Lipid and Phospholipid Profiling of Biological Samples Using MALDI Fourier Transform Mass Spectrometry

S Mariccor A B Batoy; Sabine Borgmann; Karin Flick; Josephine Griffith; Jeffrey J Jones; Viswanathan Saraswathi; Alyssa H Hasty; Peter Kaiser; Charles L Wilkins

doi:10.1007/s11745-008-3260-8

. Author manuscript; available in PMC: 2013 Feb 14.

Published in final edited form as: Lipids. 2008 Nov 13;44(4):367–371. doi: 10.1007/s11745-008-3260-8

Lipid and Phospholipid Profiling of Biological Samples Using MALDI Fourier Transform Mass Spectrometry

S Mariccor A B Batoy ¹, Sabine Borgmann ², Karin Flick ³, Josephine Griffith ⁴, Jeffrey J Jones ⁵, Viswanathan Saraswathi ⁶, Alyssa H Hasty ⁷, Peter Kaiser ⁸, Charles L Wilkins ^9,^✉

PMCID: PMC3572737 NIHMSID: NIHMS437242 PMID: 19005715

Abstract

Here we describe a study of the feasibility of lipid and phospholipid (PL) profiling using matrix assisted laser desorption/ionization (MALDI) Fourier transform mass spectrometry (FTMS) for two different applications. In this work PL profiles of different mammalian tissues as well as those of whole cell organisms were examined. In particular, comparative analysis of lipid and PL profiles of tissues from mice fed different diets was done and, in another application, MALDI FTMS was used to analyze PL profiles of genetically modified Saccharomyces cerevisiae. Computational sorting of the observed ions was done in order to group the lipid and PL ions from complex MALDI spectra. The PL profiles of liver tissues from mice fed different diets showed a cross correlation coefficient of 0.2580, indicating significant dissimilarity, and revealed more than 30 significantly different peaks at the 99.9% confidence level. Histogram plots derived from the spectra of wild type and genetically modified yeast resulted in a cross correlation coefficient 0.8941 showing greater similarity, but still revealing a number of significantly different peaks. Based on these results, it appears possible to use MALDI FTMS to identify PLs as potential biomarkers for metabolic processes in whole cells and tissues.
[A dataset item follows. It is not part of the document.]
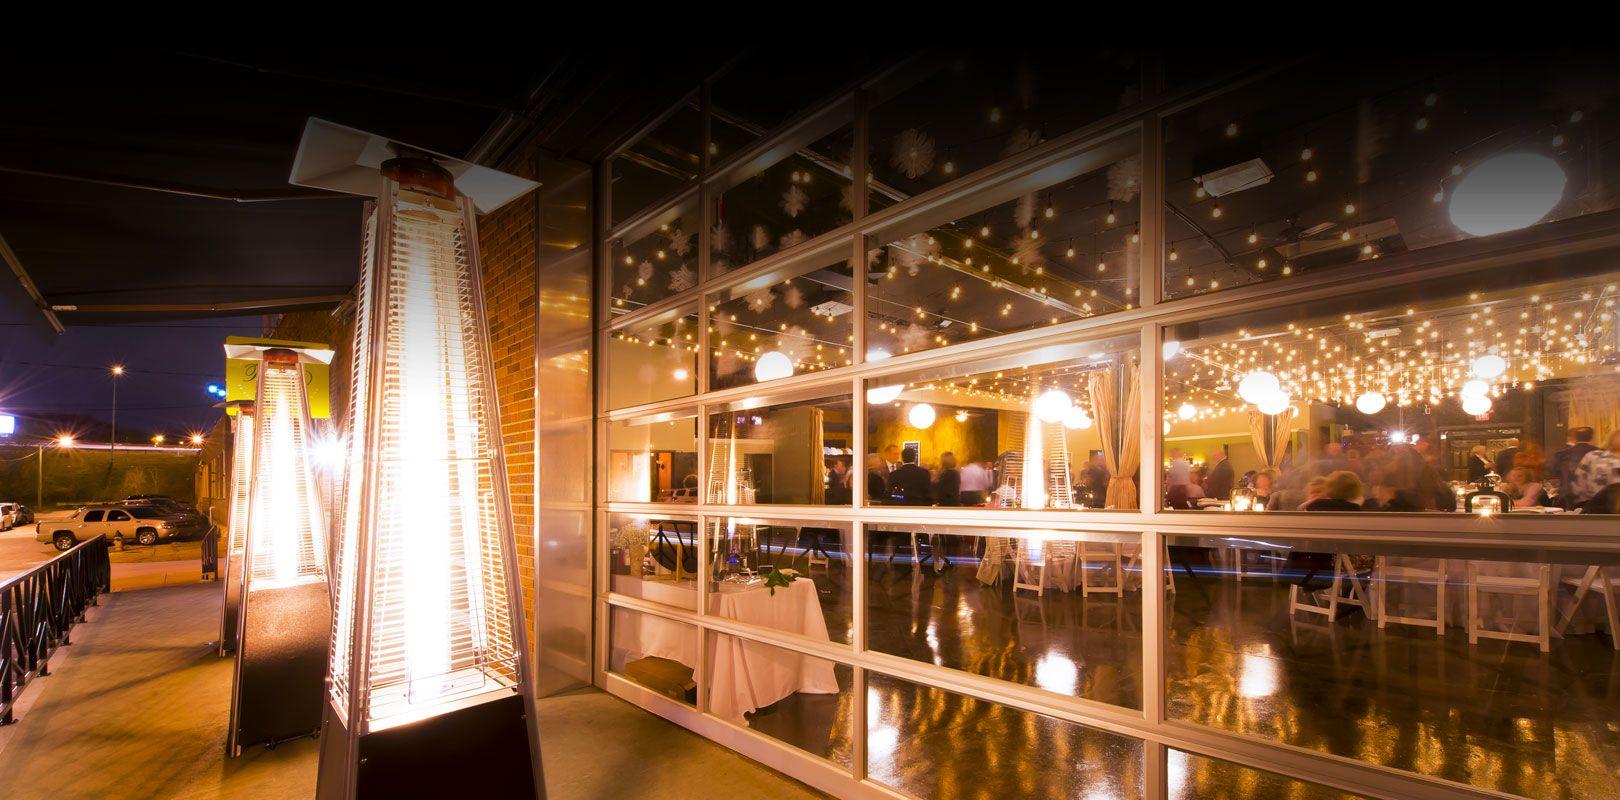 28 Event Space Urban Wedding Reception Venue Downtown Kansas City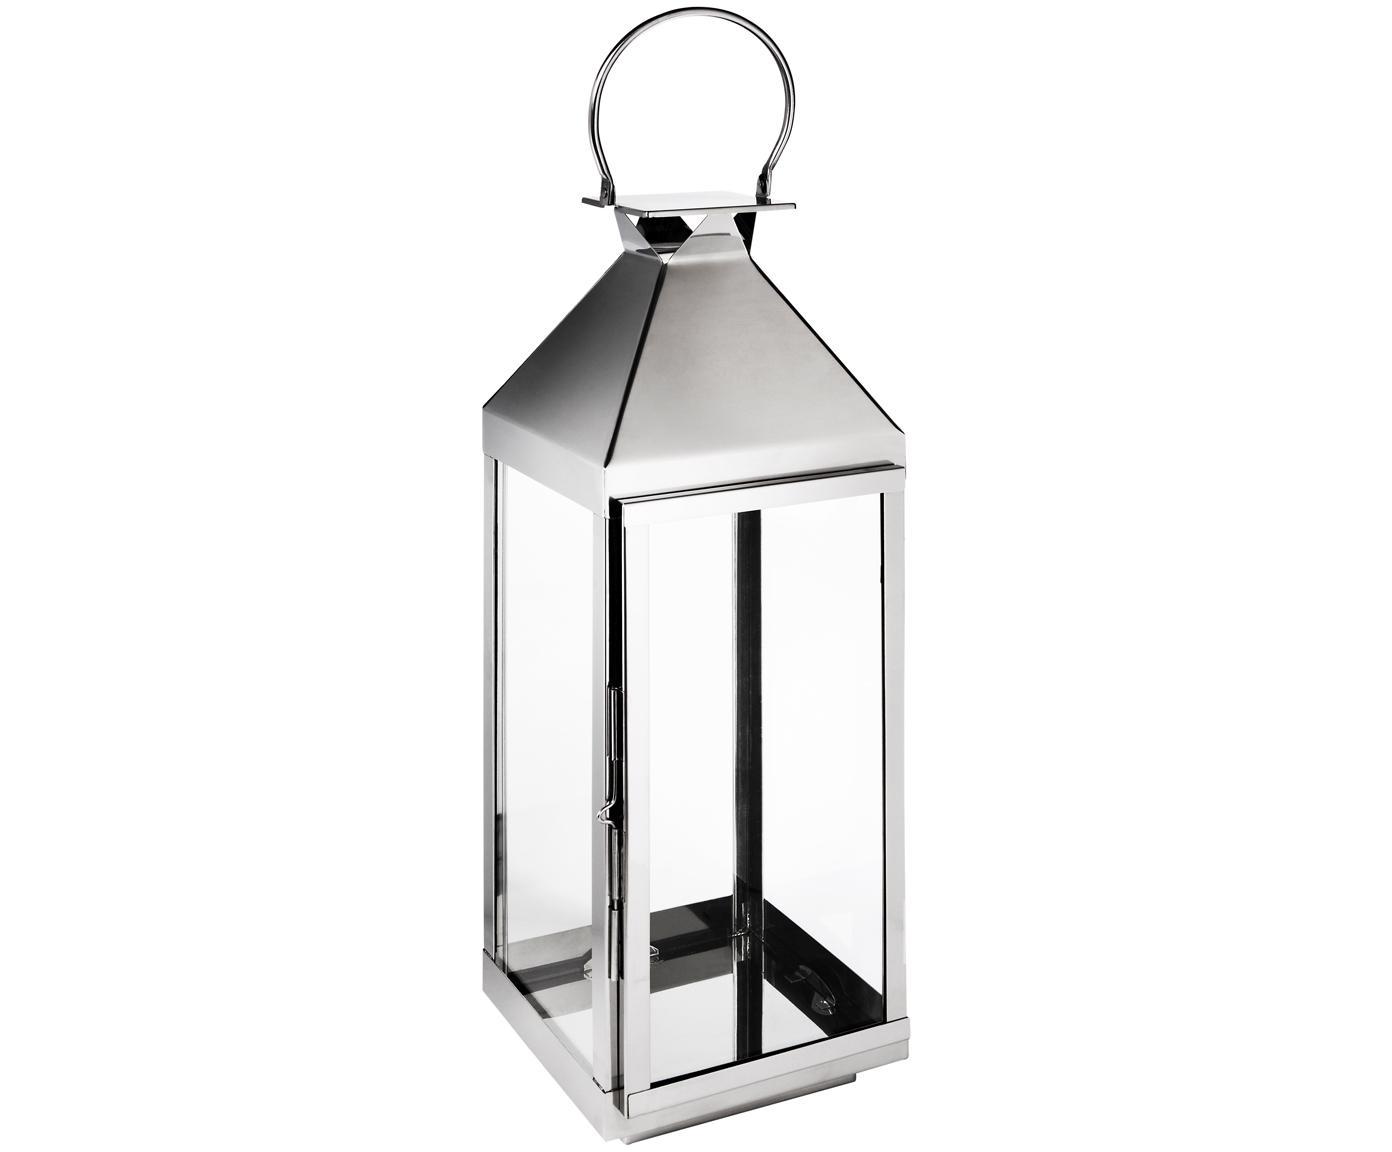 Laterne Grace, Hochglanzpolierter Edelstahl, Glas, Edelstahl, H 60 cm

Keywords: Matrix assisted laser desorption/ionization mass spectrometry (MALDI), Fourier transform mass spectrometry (FTMS), Saccharomyces cerevisiae, Yeast transcription factor Met4, High fat diet

Introduction

Analysis of phospholipids (PLs) by matrix assisted laser desorption/ionization (MALDI) was first described by Harvey [1] over a decade ago. Around the same time, Marshall et al. reported initial experiments for MALDI Fourier transform mass spectrometry (FTMS) of a number of biological PLs [2]. Since then, MALDI FTMS also has been successfully used for analysis of di-acyl PL profiles of whole cell organisms [3, 4] and mammalian tissues [5]. Lipid compositions as main components [6] of cell membranes are vital for the physiological functionality of biological cells. Cellular signaling, metabolic processes, structural functions and regulatory roles are some of the processes where PLs are important [7, 8]. As demonstrated in 2006, MALDI FTMS allows rapid and precise monitoring of PL profiles of different types of mouse tissues (brain, heart and liver) [5].

This study aimed to apply the proposed approaches [3–5] to real biological problems in an optimized manner. Two different biological problems were selected, (1) monitoring the impact of high fat diets on PL profiles of Mus musculus (house mouse) and (2) evaluating the role of the yeast transcriptional regulator Met4 in PL homeostasis. Here the exceptional potential of MALDI high-resolution mass spectrometry (> 10⁴) for rapid, automated metabolite screens of complex biological samples is shown. This will allow researchers to achieve broader understanding of metabolic and signaling processes involving PLs.

Experimental Procedure

Reagents

The MALDI matrix used was 99% purity 2,5-dihydroxybenzoic acid (DHB) (Alfa Aesar, Shore Road, Heysham, Lancaster). Methanol was HPLC grade (EMC Chemical Inc., Gibbstown, NJ). Purified water was obtained from a Mill-Q gradient system (Millipore Corporation, Genay Cedex, France). The AIN-93G high fat diet was obtained from Dyets Inc., Bethlehem, PA. Trichloroacetic acid (TCA) was purchased from VWR, West Chester, PA.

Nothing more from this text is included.